India has 22 official languages. Across those languages live over a billion people whose knowledge

is locked inside scanned images in scripts that most frontier models perform poorly. The problem is

dire - until now, there wasn't even a comprehensive benchmark to measure Indic OCR performance, let

alone training data at scale. When Sarvam AI set out to solve this, we had to build the

infrastructure before the model, creating the first ground-truth benchmark for Indic document

intelligence. In this talk, Krishna Srinivasan, who led the Vision Models team to build India's

first sovereign VLM from scratch, will walk through the end-to-end engineering lifecycle.
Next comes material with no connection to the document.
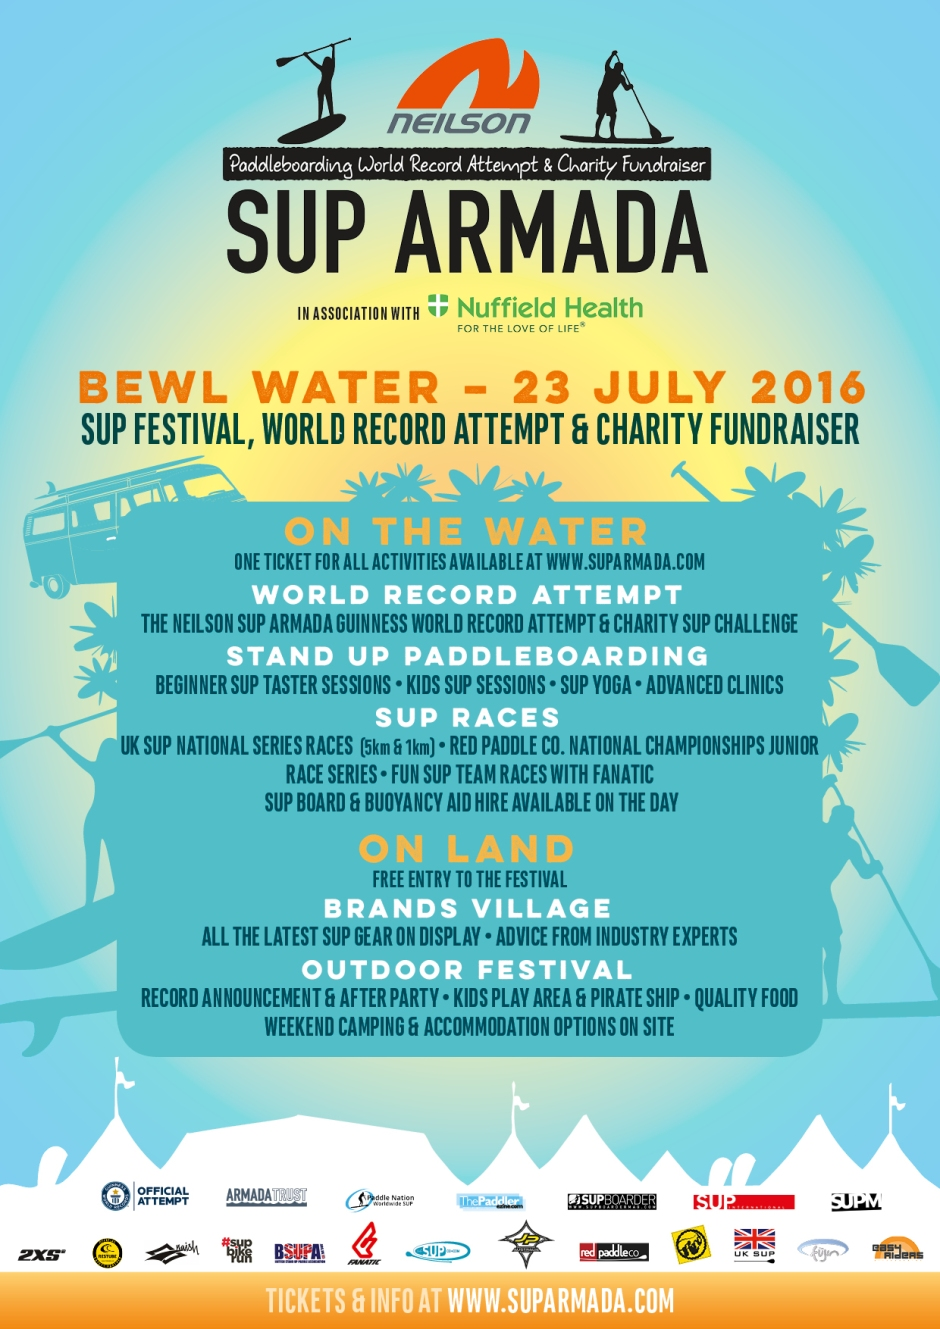 Neilson SUP Armada 2016 Poster (High Res)
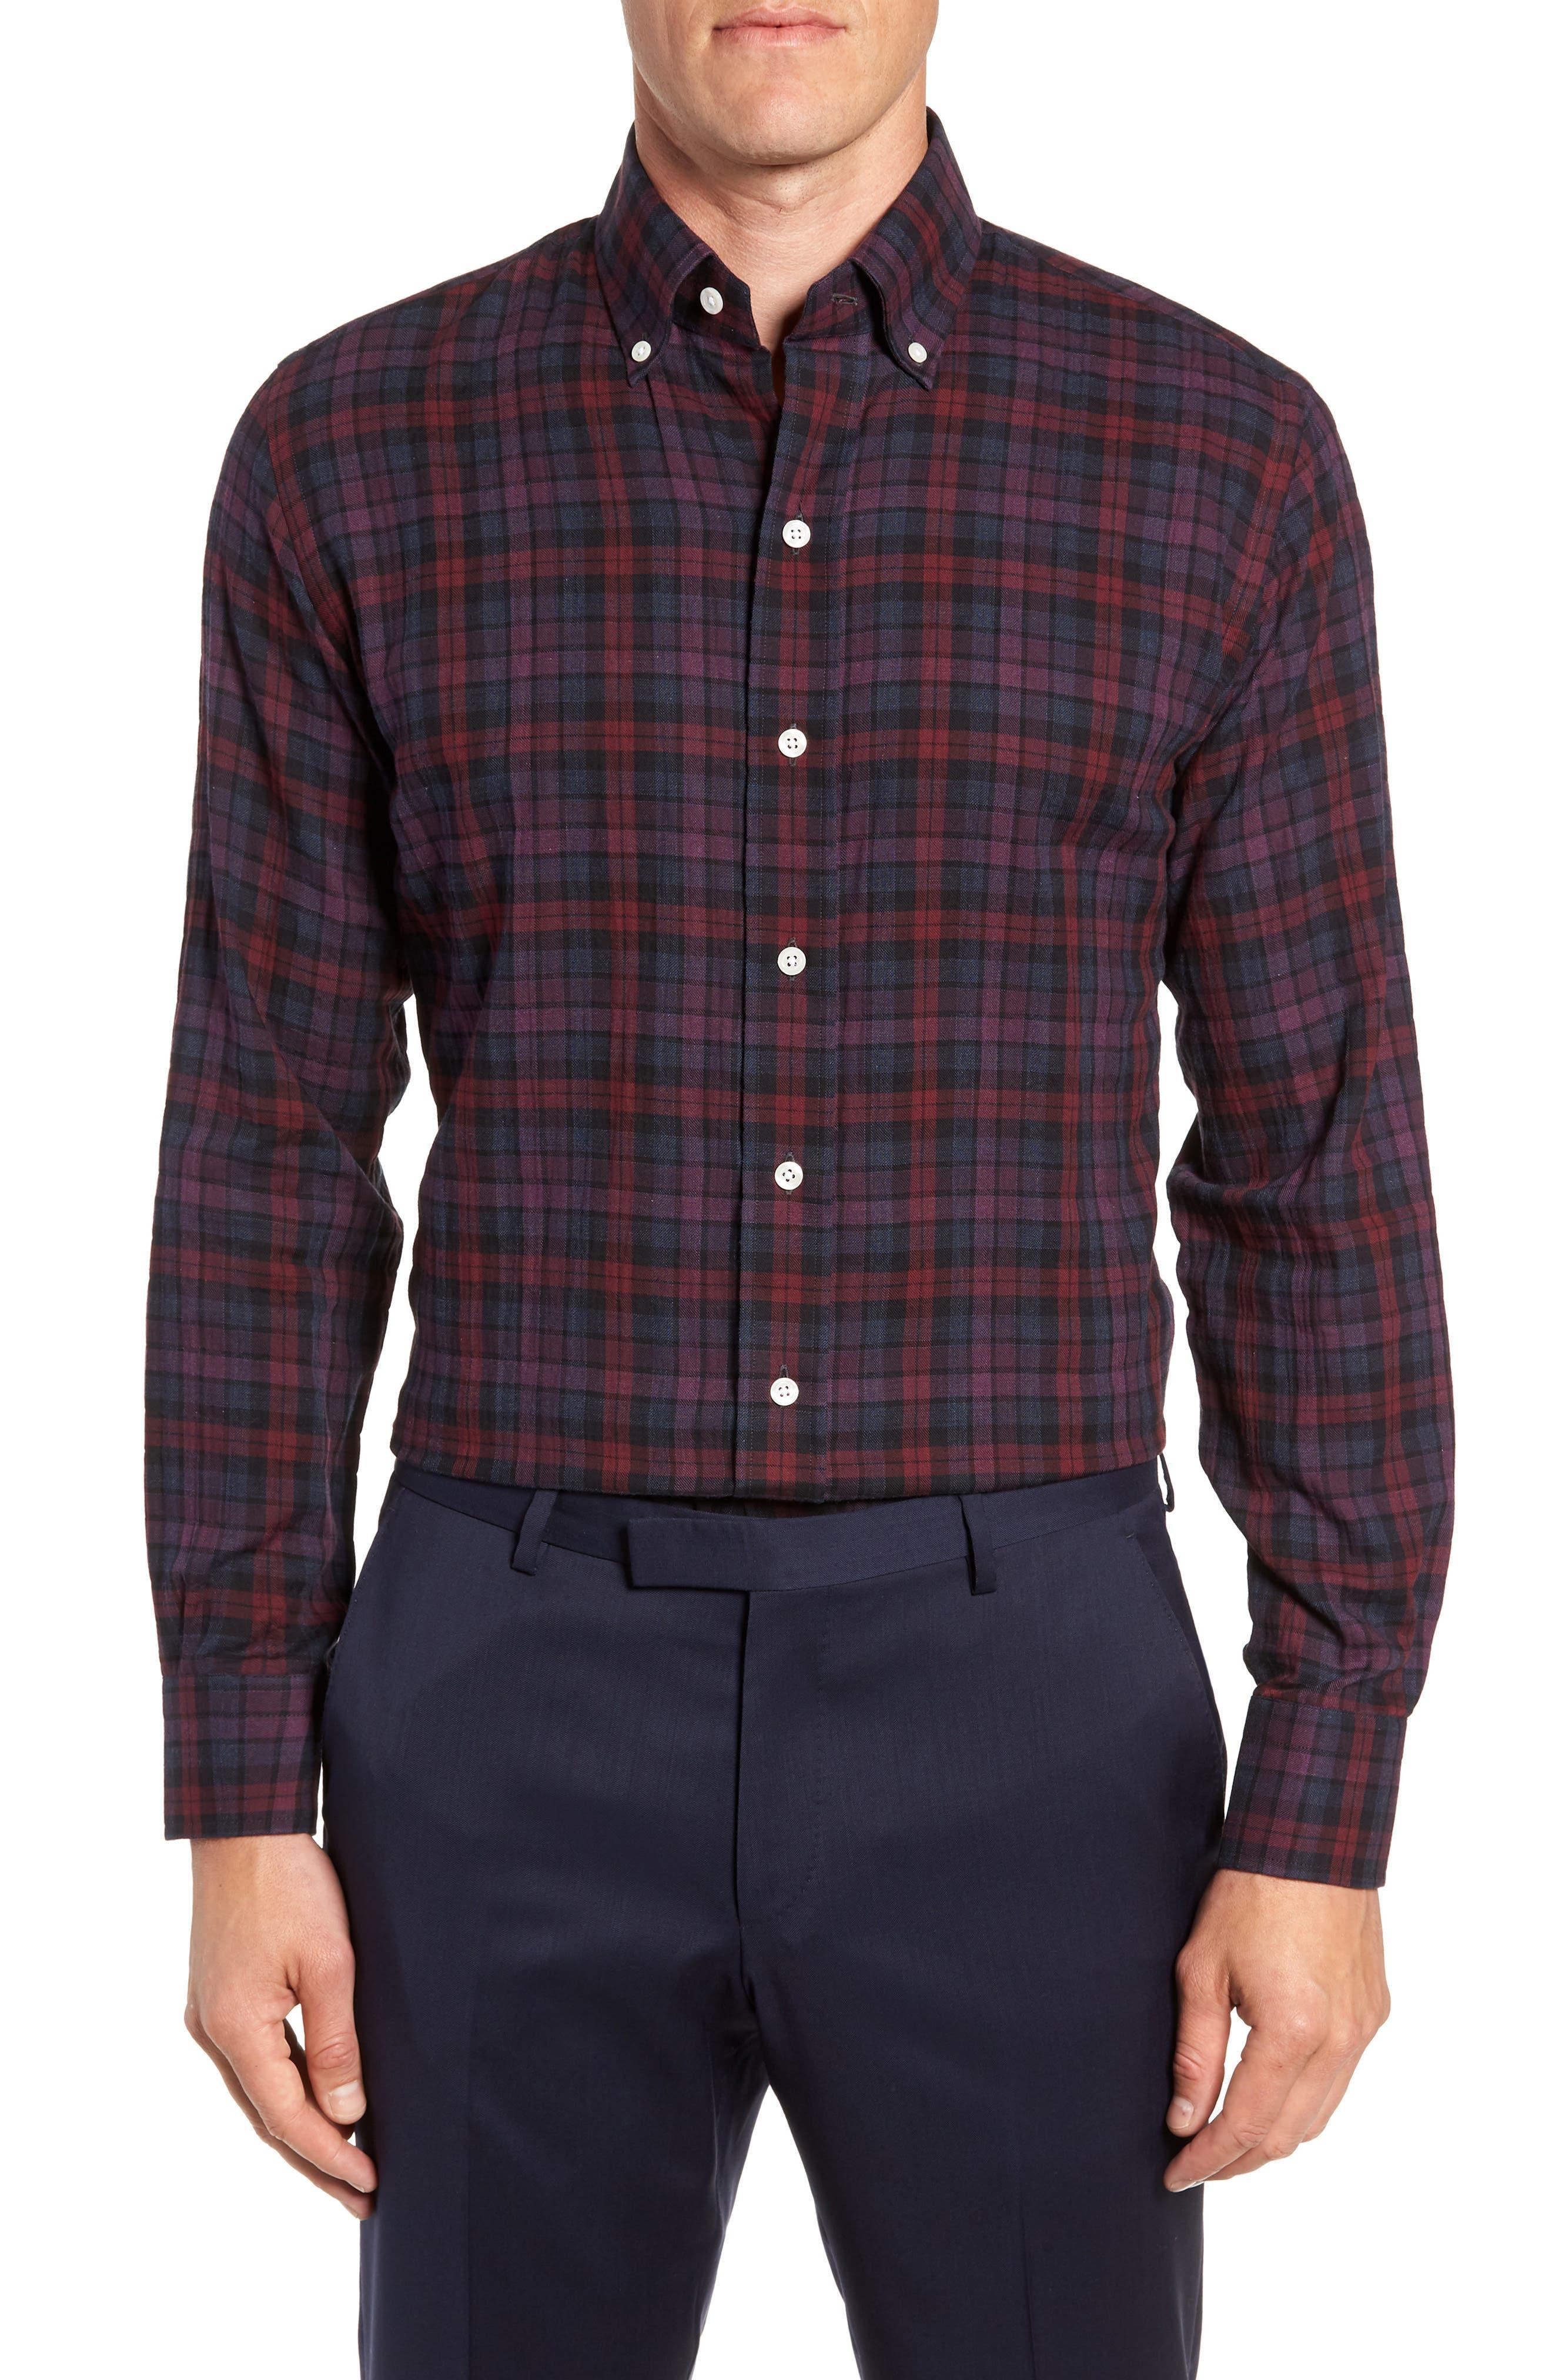 LEDBURY Torello Trim Fit Plaid Dress Shirt in Plum

We will

cover: (a) Architecture: Why we chose a 3B-parameter state-space architecture over transformer

baselines to handle high-resolution visual inputs with minimal memory overhead and faster inference.

(b) Training Pipeline: The exact recipe we used: starting with text-only pre-training, moving to

continual pre-training with text and images, followed by SFT. Finally, we'll cover the advances we

made in implementing large-scale RL with Verifiable Rewards for visual tasks in just 3 days using

deterministic character-level reward signals. (c) Compute Efficiency: How we trained a frontier-

competitive multimodal model with extreme capital efficiency, optimizing distributed training and

GPU cluster management to punch far above our compute class. (d) Agentic Workflows: How this model

powers Sarvam Akshar, a first-of-its-kind agentic document intelligence workbench featuring visual

grounding and automated proofreading loops. The results speak for themselves: Sarvam Vision achieves

best-in-class global scores (84.3% on olmOCR-Bench, 93.28% on OmniDocBench) and dominates Indic OCR.

Attendees will learn the blueprint for compute-efficient multimodal training, and deploying state-

space VLMs for population-scale enterprise workloads.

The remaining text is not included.